What is culture? Characteristics, Values, Knowledge, and Lifestyle.
Smart Phone Penetration Rate. South Korea 73%, USA, Canada 56%, China 47%, Japan 25% in 2013.
How Brain Process Information in Western vs Eastern Culture.- Cultural Psychology.
Western Culture process information
Analytic Thinker – Focuses on individual objects and details. Specific details and attributes about these single objects.
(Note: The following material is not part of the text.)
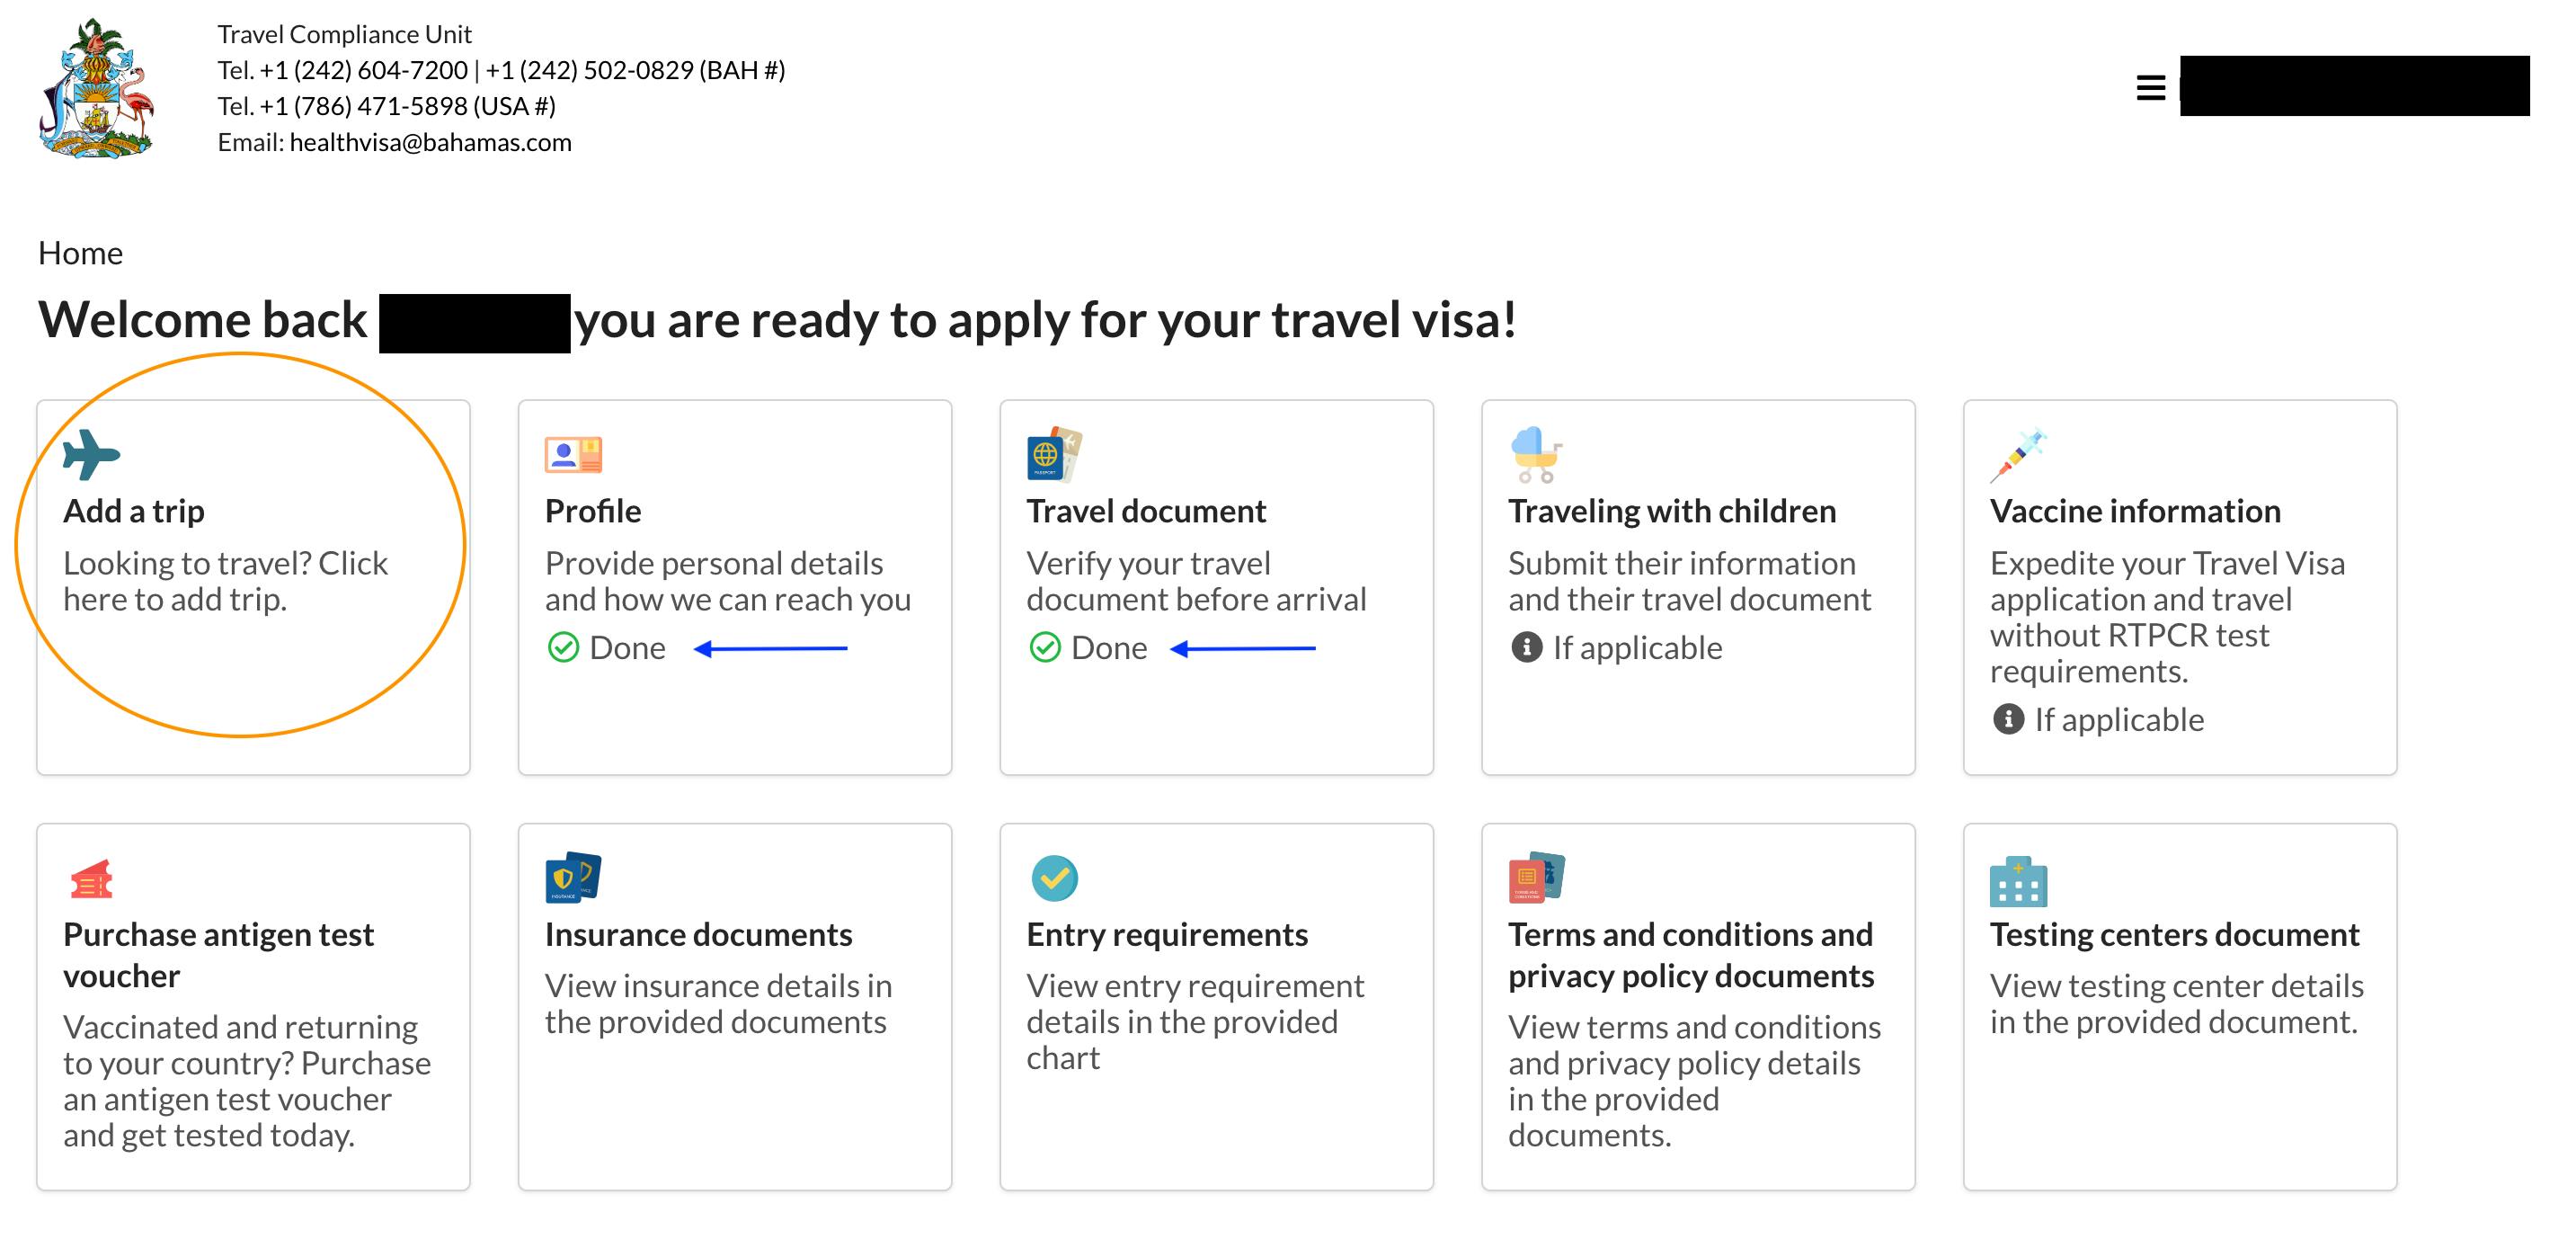 travel health visa bahamas login

Eastern Culture process information
Holistic Thinker – Sees the picture as a while, focusing on the relationships between objects.
Holistic thinkers, East Asians, tend to see the bigger picture, while Western culture tends to see the same picture as individual components.
The Japanese pick up 60% more information about the context and twice as much information about relationships.
East Asians are constantly surrounded by information-rich products and dense physical environments, such as growing up in cities like Tokyo. Being surrounded by these things further pushes East Asians to normalize constantly processing a lot of information all at once.
This enables designers to cram a lot of information onto one single web page, and it leads to websites like Yahoo Japan. All the information is available without breaking them up, and users are expected to find what they need easily.
Westerners who access these types of websites tend to be overwhelmed by the amount of information that’s presented all at once. However, East Asians are actually used to this density.
Another study on Europeans, Canadians, and East Asians examined how fast they can find relevant information on complex and dense websites. They found that East Asians, in general, were faster at finding an article on the complex and lengthy website that the researcher created.
This is something that’s been built into their brains because of the influence of culture and because this slight difference in a cognitive process changes the way that the products they use are designed.
Just because something isn’t up to our standards, Is it bad?